Re: Perform processing only when watermark updates, buffer data otherwise

Posted by Manas Kale on
URL: http://deprecated-apache-flink-user-mailing-list-archive.369.s1.nabble.com/Perform-processing-only-when-watermark-updates-buffer-data-otherwise-tp34040p34049.html

Also
  •  What happens to watermarks after a union operation? Do I have to assignTimestampsAndWatermarks() again? I guess I will have to since multiple streams are being combined and Flink needs to know how to resolve individual watermarks.
  • What is the difference between union() and connect()?

On Thu, Apr 2, 2020 at 10:33 AM Manas Kale <[hidden email]> wrote:
Hi,
I want to perform some processing on events only when the watermark is updated. Otherwise, for all other events, I want to keep buffering them till the watermark arrives. 
The main motivation behind doing this is that I have several operators that emit events/messages to a downstream operator. Since the order in which events arrive at the downstream operator is not guaranteed to be in chronological event time, I want to manually sort events when the watermark arrives and only then proceed.
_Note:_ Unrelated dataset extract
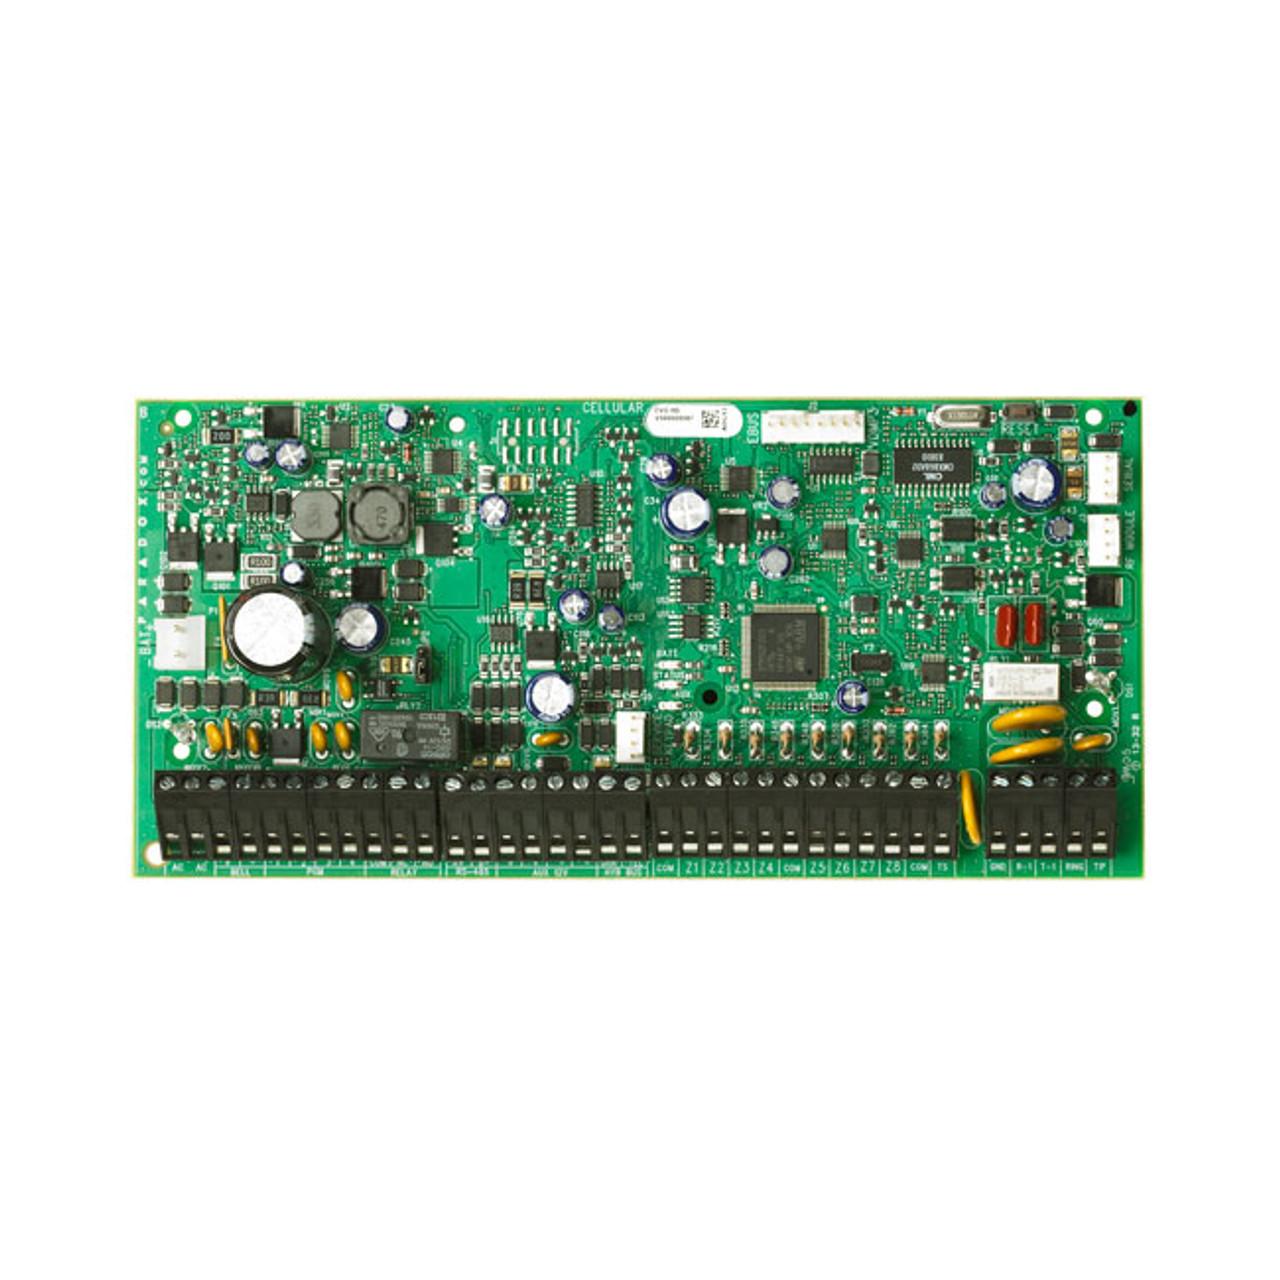 Paradox mg5050 32 zone wireless alarm panel tremtech electrical paradox mg5050 pcb cheapraybanclubmaster Choice Image

Specifically, I want to first combine multiple streams and then do the above. Something like : 
stream1.union(stream2, steream3)...

One solution I am exploring is using a global window with a trigger that will fire only when the watermark updates.
stream1.union(stream2, steream3).
keyBy(...).
window(GlobalWindows.create()).
trigger(new OnWatermarkUpdateTrigger()).
process(...)

I will store the latest watermark in the trigger's state store. In the onElement() method, I will FIRE if the current watermark is different than the stored one.

Is this the best way to implement the functionality described above?